It would be must-see TV for space geeks everywhere — two big-name
scientists debating whether or not Pluto should be reinstated as the
solar system's ninth "true" planet.
Alan Stern, the principal investigator of NASA's New Horizons mission
to Pluto, has challenged astrophysicist Neil deGrasse Tyson to just
such a debate, NBCNews reported last week.
"I am challenging him to the equivalent of the 'Thrilla in Manila,'"
Stern told NBCNews. "Before New Horizons gets to Pluto, I want him to
accept the debate."
That gives Tyson — the host of "Cosmos: A Spacetime Odyssey," a TV
series that aired this spring on Fox and the National Geographic Channel
— about a year to work the proposed debate into his schedule, if he so
chooses. New Horizons is scheduled to fly by the Pluto system in July
2015, giving astronomers their first-ever up-close look at the frigid
world and its five known moons.
Pluto was regarded as the solar system's ninth planet for more than
75 years after its 1930 discovery. But in 2006, the International
Astronomical Union (IAU) — the organization responsible for giving
"official" scientific names to celestial objects — came up with a new
definiton of "planet," and Pluto didn't make the cut. (It hasn't
sufficiently "cleared its neighborhood" of other objects, IAU officials
said.)
So Pluto was demoted to the newly created category of "dwarf planet,"
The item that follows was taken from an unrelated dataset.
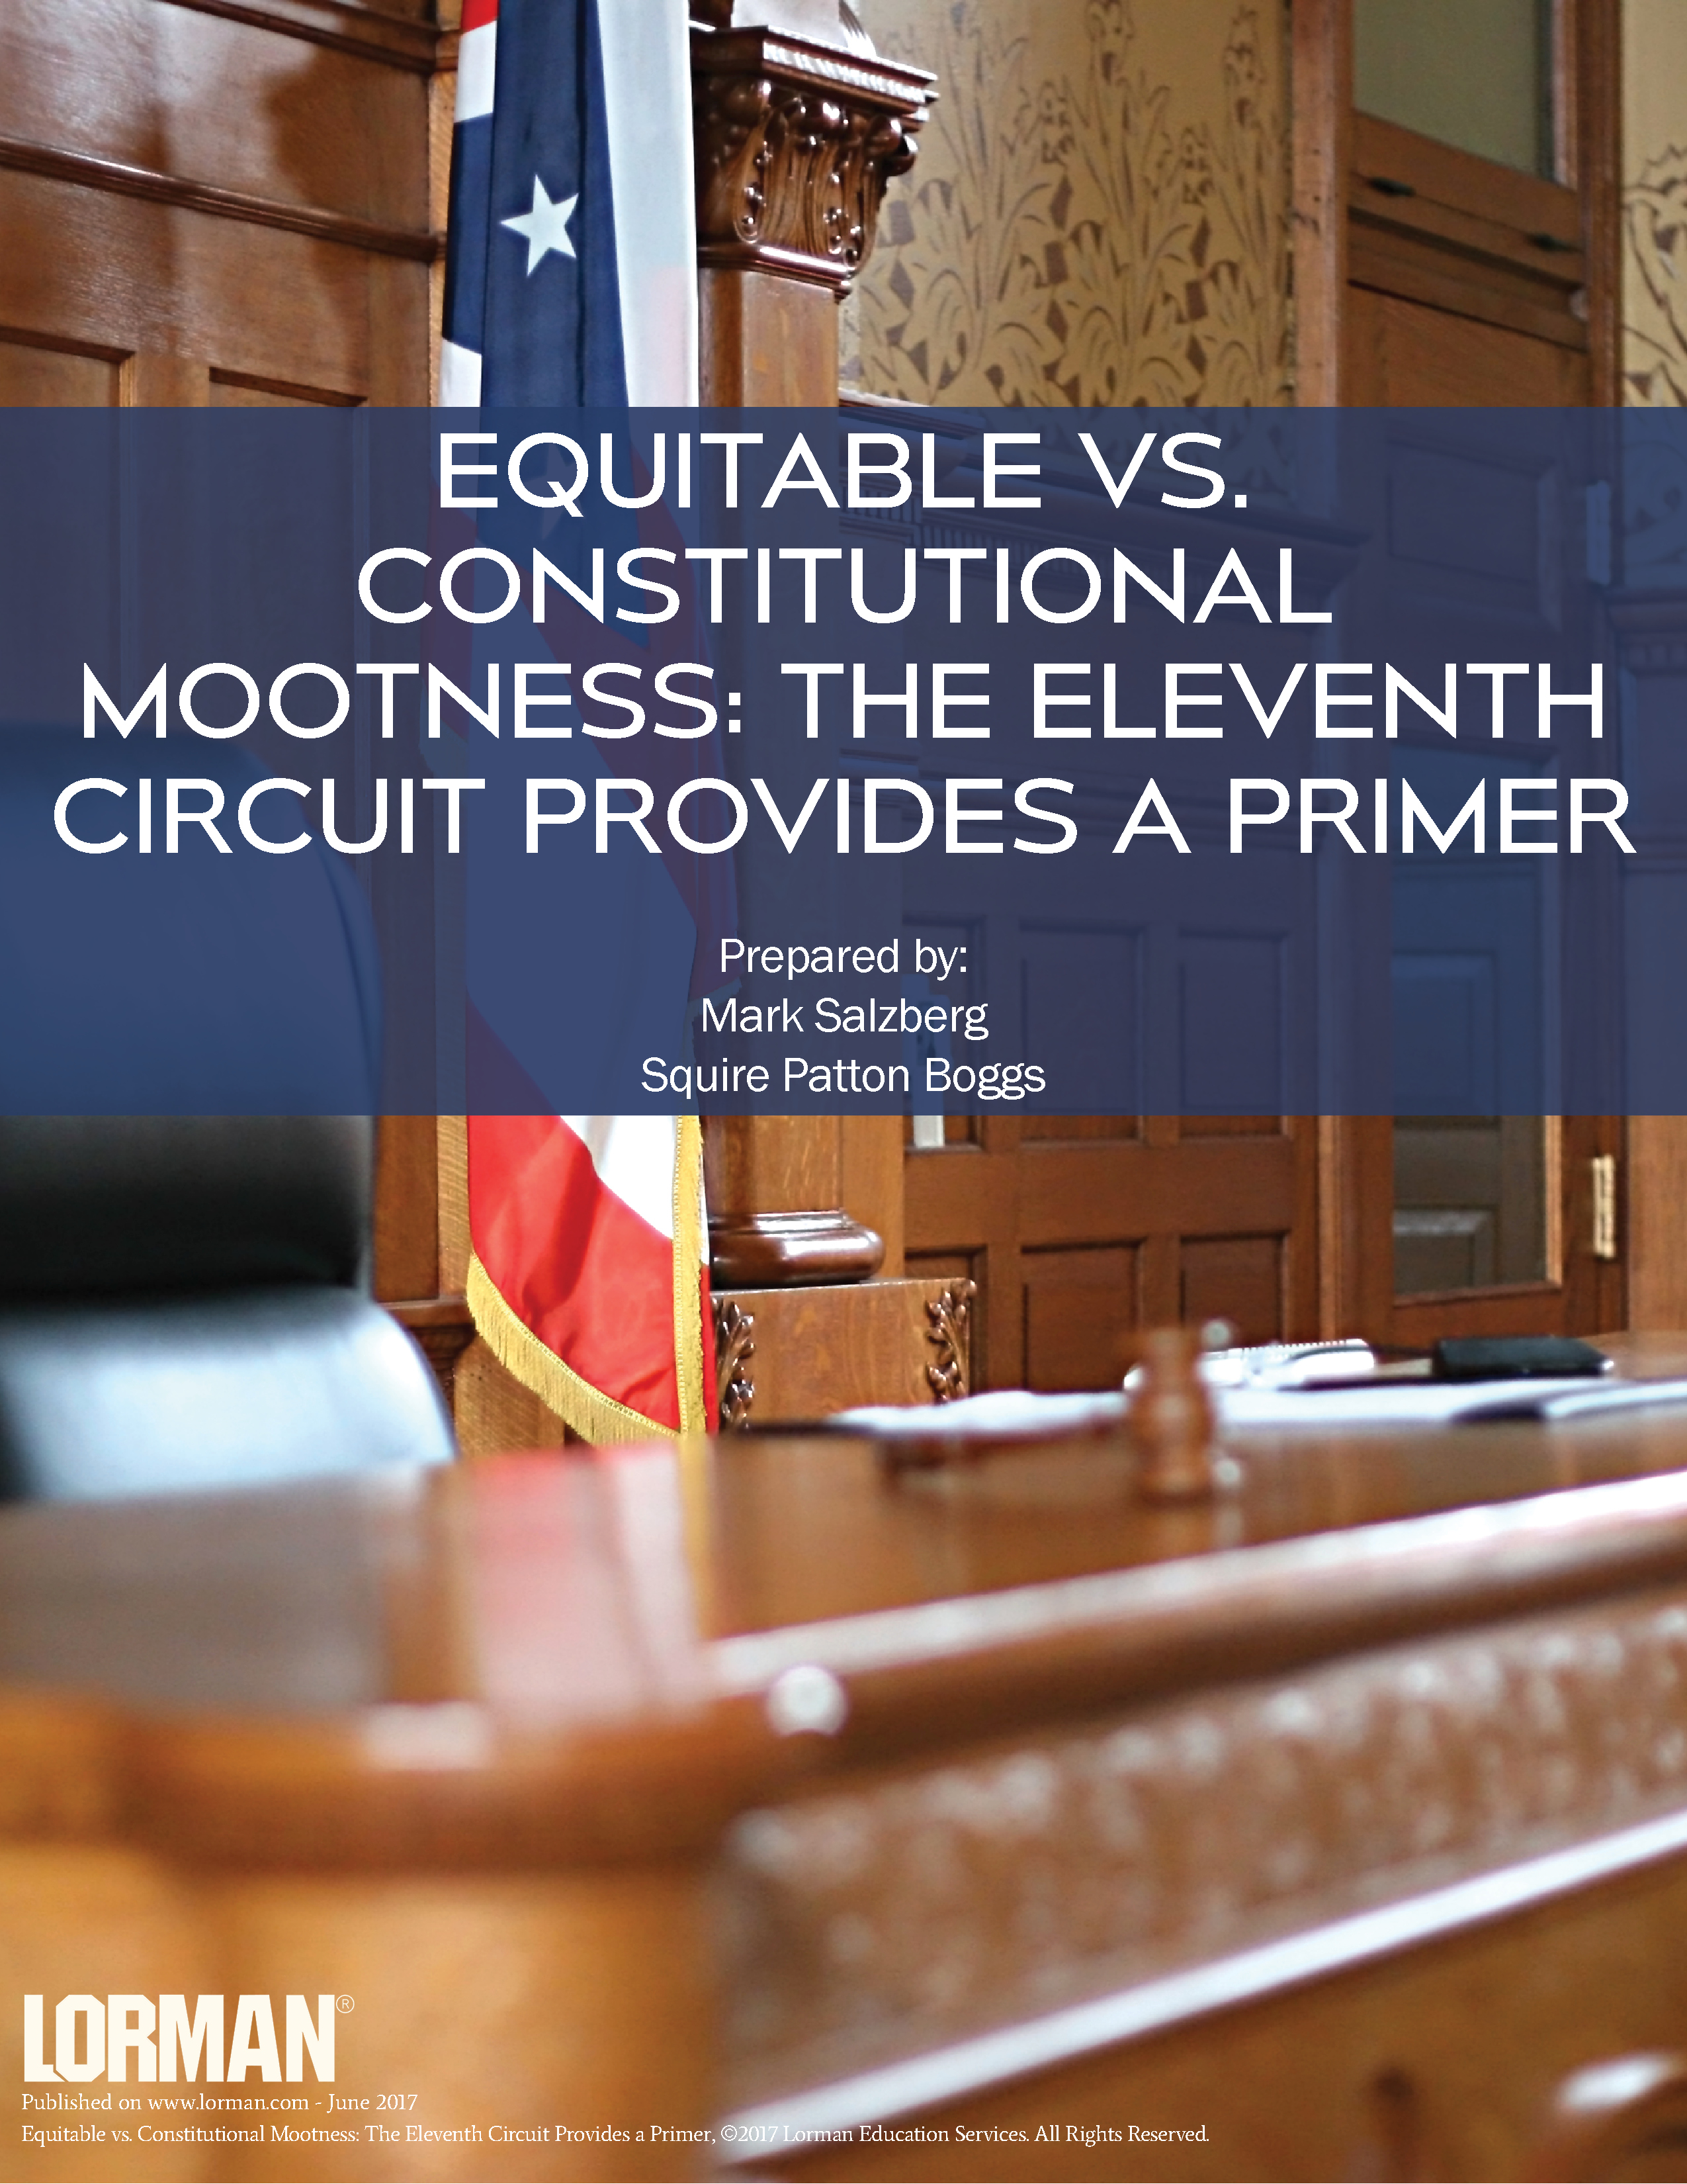 Equitable vs. Constitutional Mootness: The Eleventh Circuit Provides a Primer

a status it shares with several other large bodies in the frigid,
faraway Kuiper Belt. Some scientists, such as Tyson, have expressed
support for the decision, while others are not at all happy about it.
Stern is perhaps the most prominent and passionate of the dissenters.
He has no problem with the "dwarf planet" designation but believes that
dwarfs should enjoy the same status as rocky worlds like Earth and gas
giants such as Jupiter.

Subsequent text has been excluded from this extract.